Work task »
Consider the listing below. Extract exactly the lines from the line containing "NoIR 87% Yellow" to the line containing "C:\Users\Gonza", both included.

Given records »
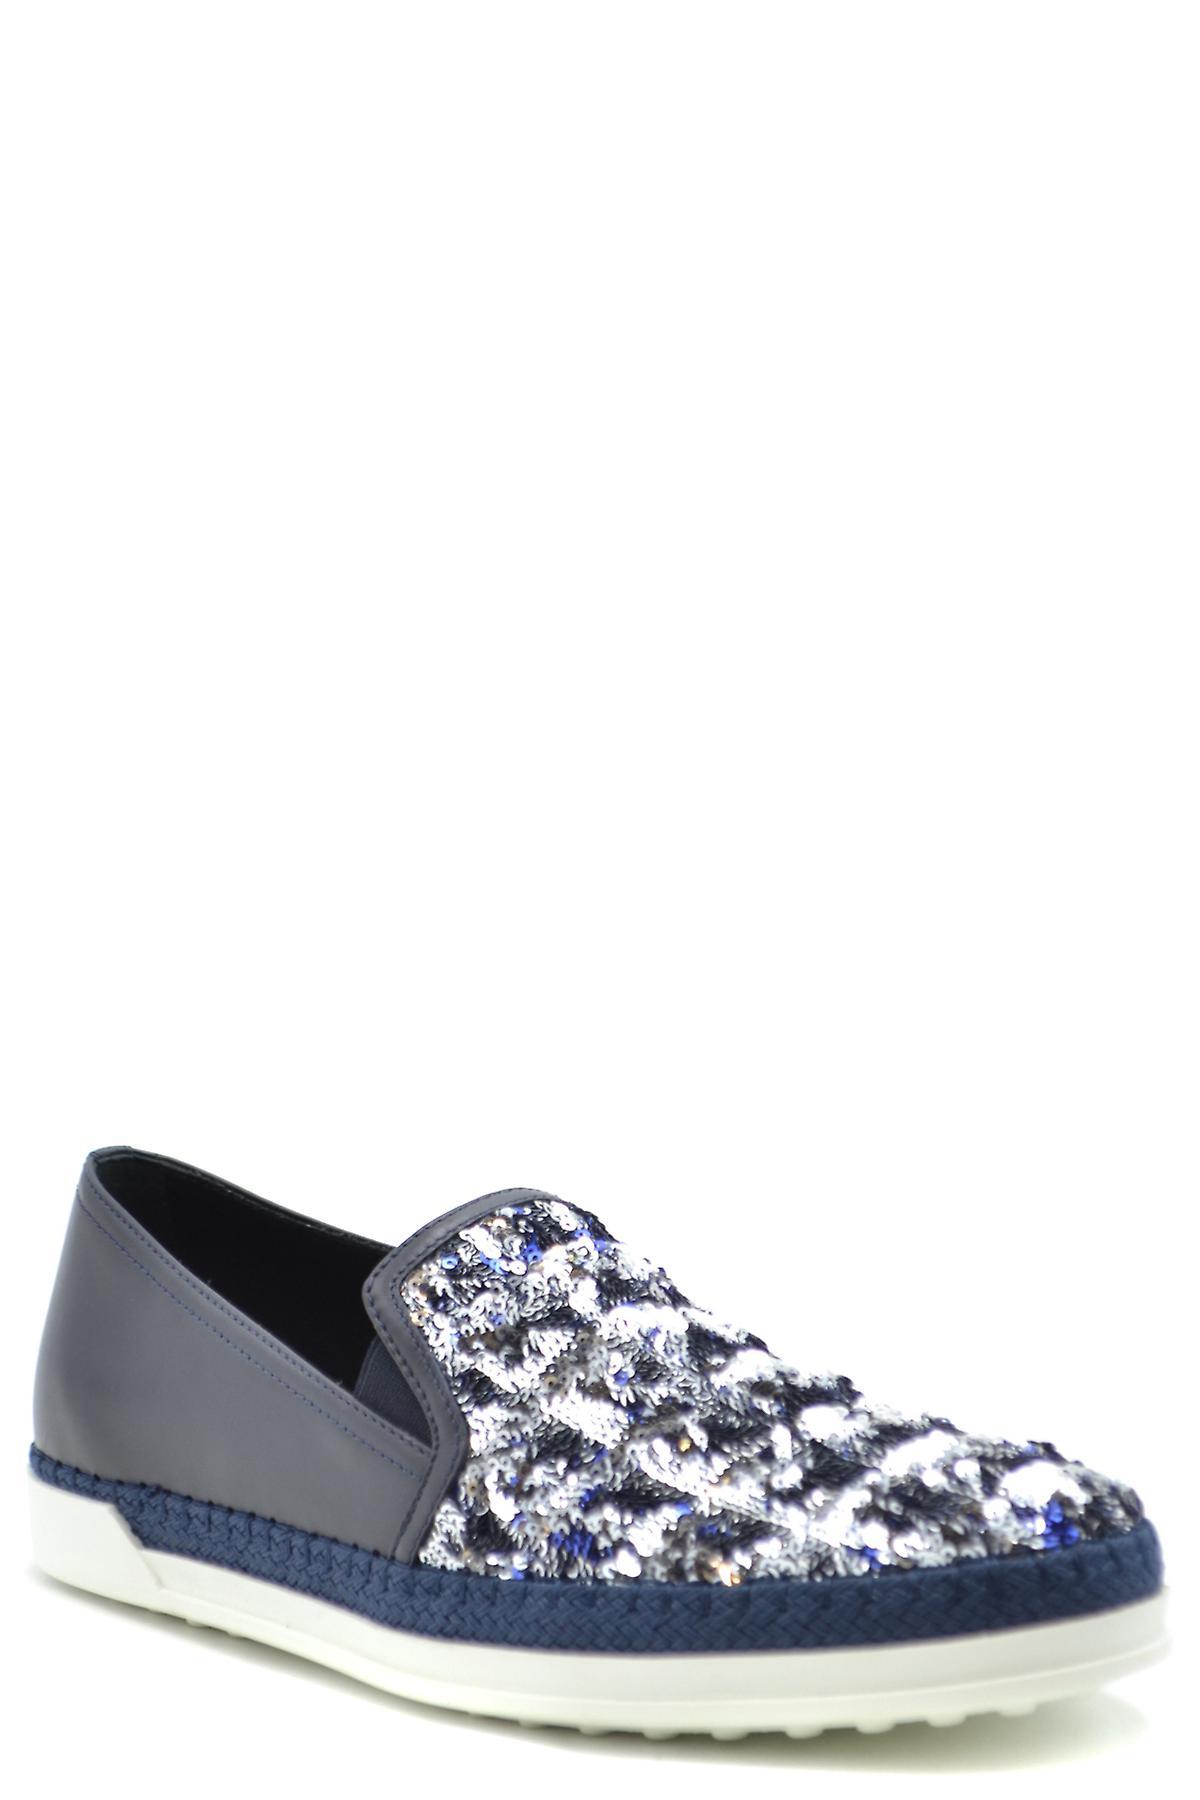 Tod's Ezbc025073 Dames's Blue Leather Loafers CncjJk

--

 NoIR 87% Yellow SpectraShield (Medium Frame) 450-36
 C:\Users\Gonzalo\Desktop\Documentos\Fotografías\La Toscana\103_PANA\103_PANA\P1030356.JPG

Output for this task »
 NoIR 87% Yellow SpectraShield (Medium Frame) 450-36
 C:\Users\Gonzalo\Desktop\Documentos\Fotografías\La Toscana\103_PANA\103_PANA\P1030356.JPG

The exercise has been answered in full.